The streams called Ice-waves, those which were so long come from the fountain-heads that the yeasty atter upon them had hardened like the slag that runs out of the fire,-these then became ice; and when the ice halted and ceased to run, then it froze over above. But the drizzling rain that rose from the venom congealed to rime, and the rime increased, frost over frost, each over the other, even into Ginnungagap, the Yawning Void. Gylfaginning 5.

The eleven rivers traditionally associated with the Élivágar include the Svöl, Gunnþrá, Fjörm, Fimbulþul, Slíðr, Hríð, Sylgr, Ylgr, Við, Leiptr and Gjöll (which flows closest to the gate of Hel and is spanned by the bridge Gjallarbrú), although many other additional rivers are mentioned by name in both Eddas.
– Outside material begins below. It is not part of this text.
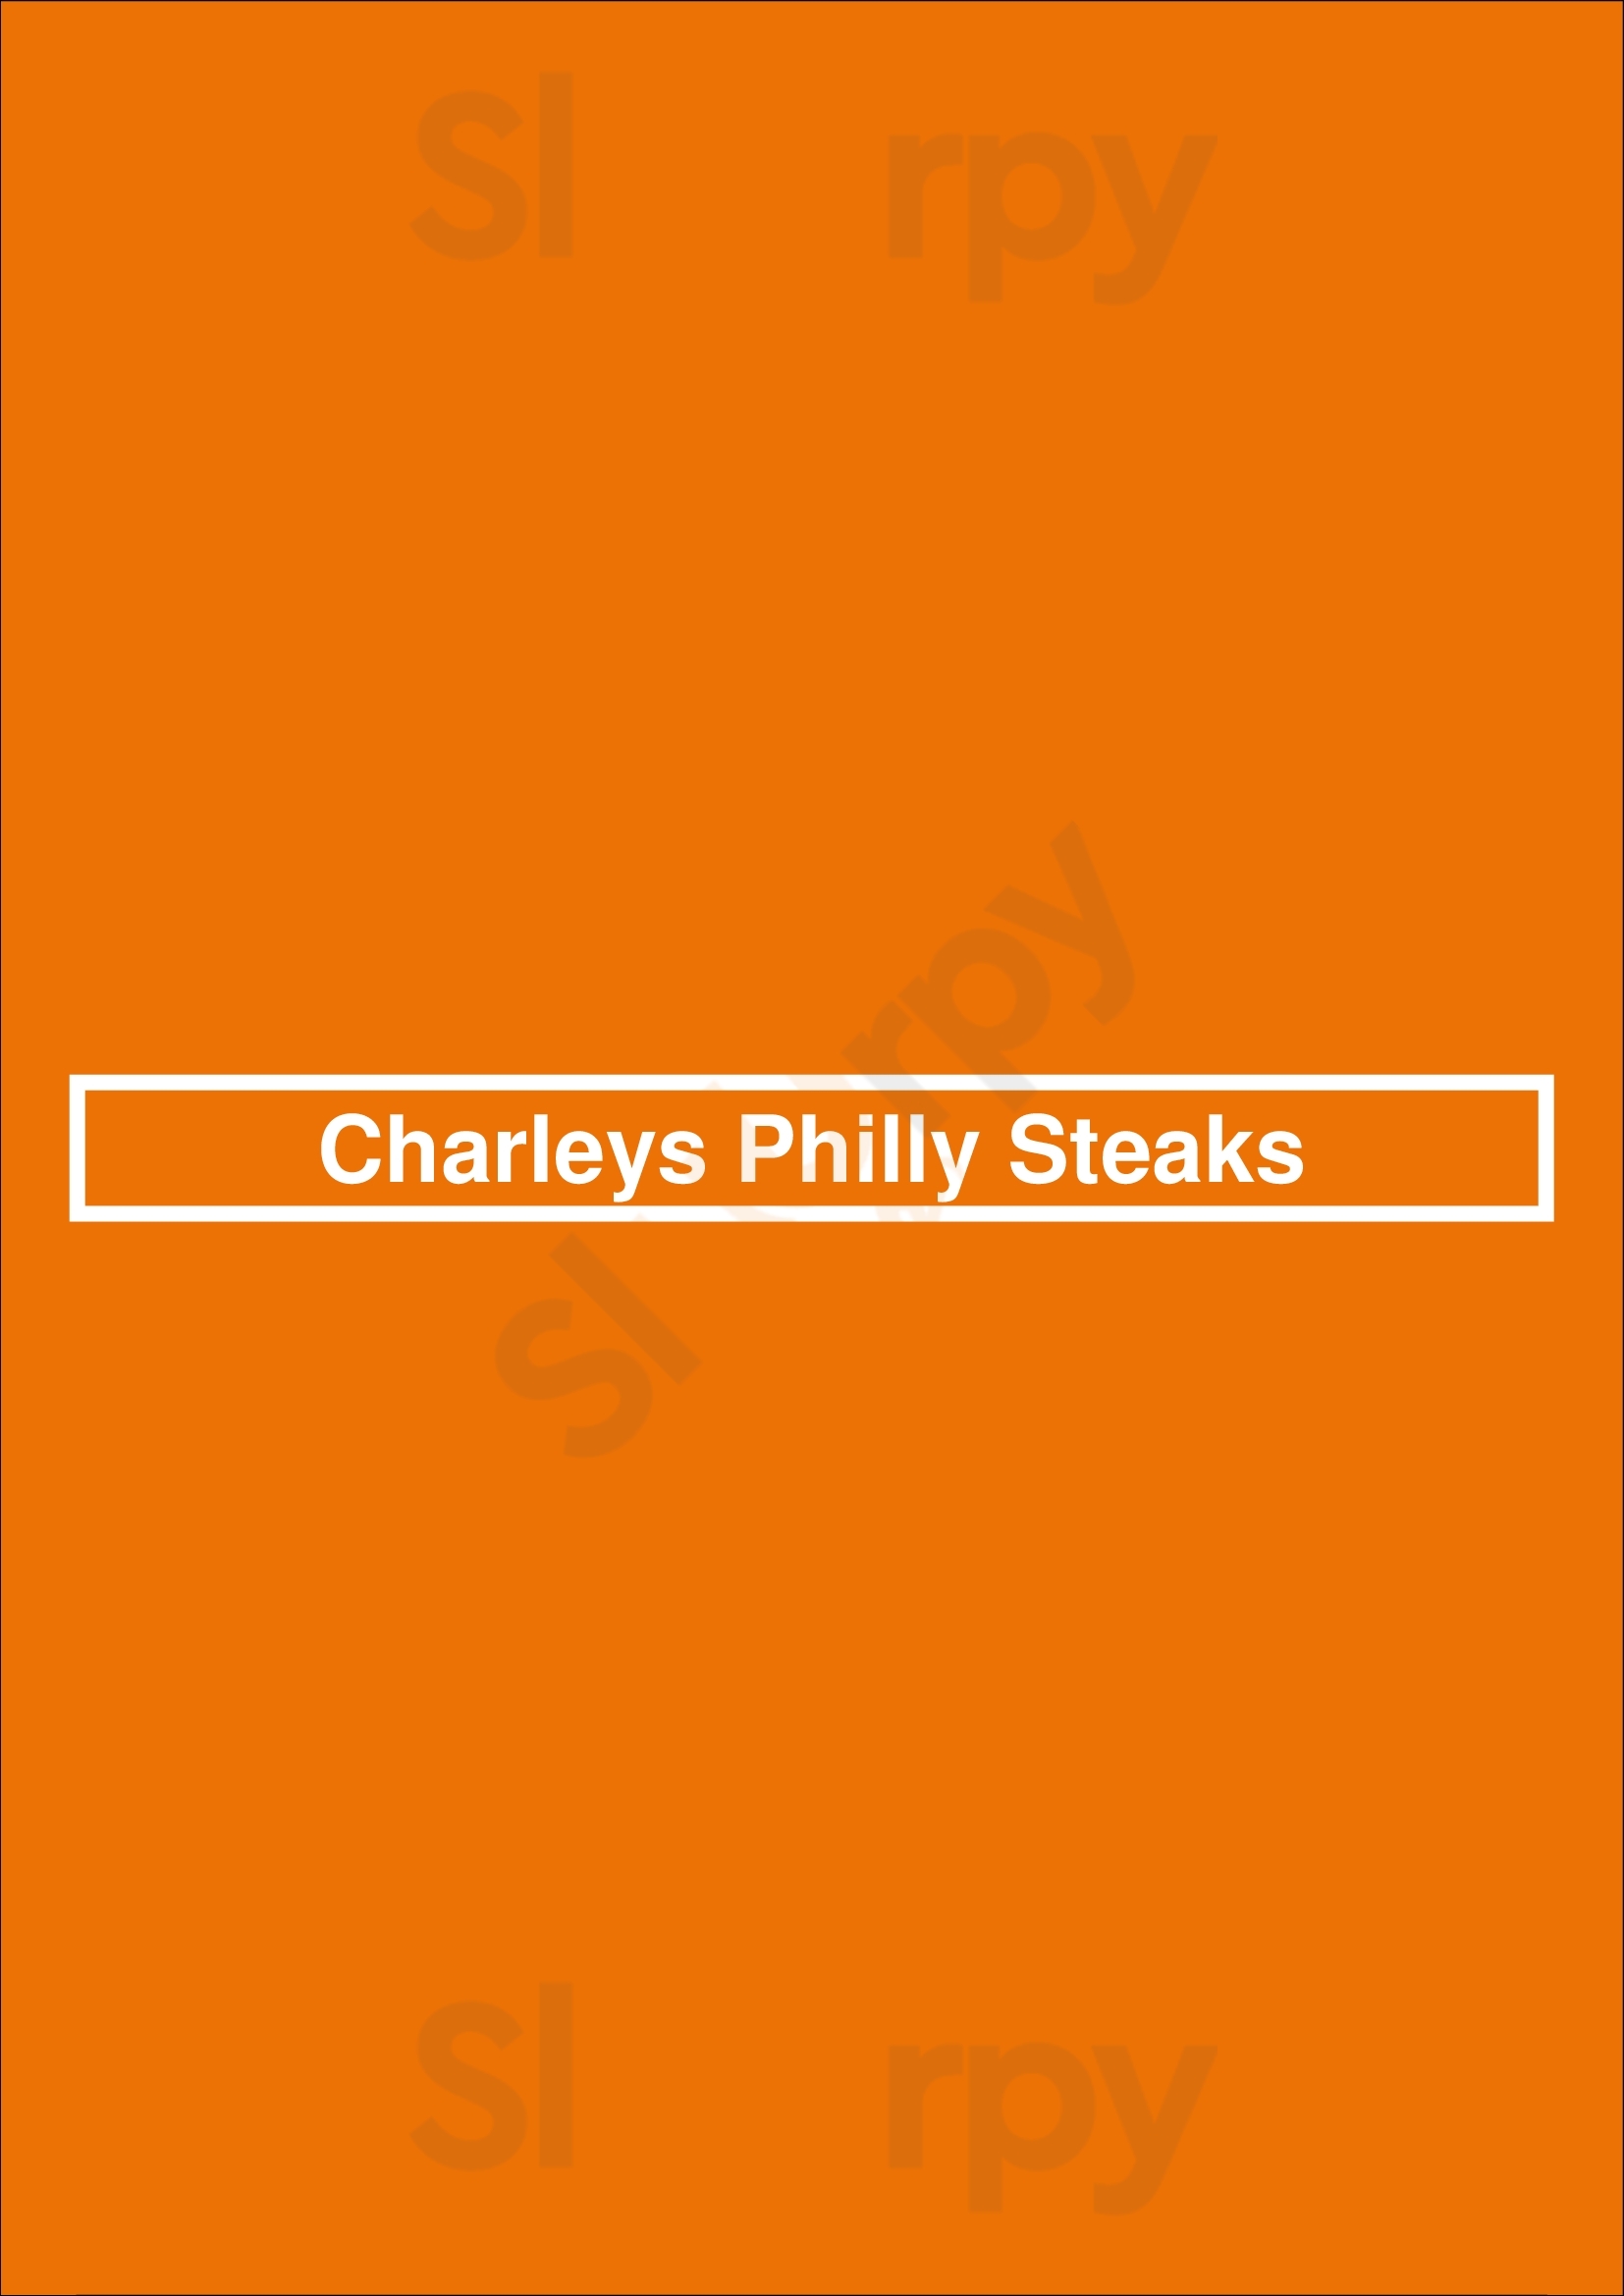 Charleys Philly Steaks Mesa Menu - 1

The rivers seem to act as borders between differing lands whether between the gods and the giants or between the mythological world and mortal world.

The Élivágar also figure in the origin of Ymir, the first giant. According to Vafthrúdnismál, Ymir was formed from the poison that dripped from the rivers.

In Gylfaginning, Snorri expands upon this notion considerably. As quoted above, when the venomous yeast from the Élivágar froze to ice and overspread its banks it fell as rain through the mild air of Ginnungagap. The rime, infused with the cold of Niflheim from which the Élivágar find their source in the wellspring Hvergelmir, began to fill the void. It then combined with the life-giving fire and heat of Muspelheim, melting and dripping and giving form to Ymir, progenitor of the rime giants or frost giants.

Elsewhere, Gylfaginning says that, "So many serpents are in Hvergelmir with Nídhögg that no tongue can tell them." These serpents are presumably the source of the venom or poison referred to in the myth.

A reference to the river Leiptr appears in Helgakviða Hundingsbana II, where the Valkyrie Sigrún puts a curse on her brother Dagr for having murdered her husband Helgi Hundingsbane despite him having sworn a holy oath of allegiance to Helgi on the "bright water of Leiptr" (ljósa Leiftrar vatni):
|
Þik skyli allir eiðar bíta, þeir er Helga hafðir unna at inu ljósa Leiftrar vatni ok at úrsvölum Unnarsteini.
 |
Now may every oath thee bite That with Helgi sworn thou hast, By the water bright of Leipt, And the ice-cold stone of Uth.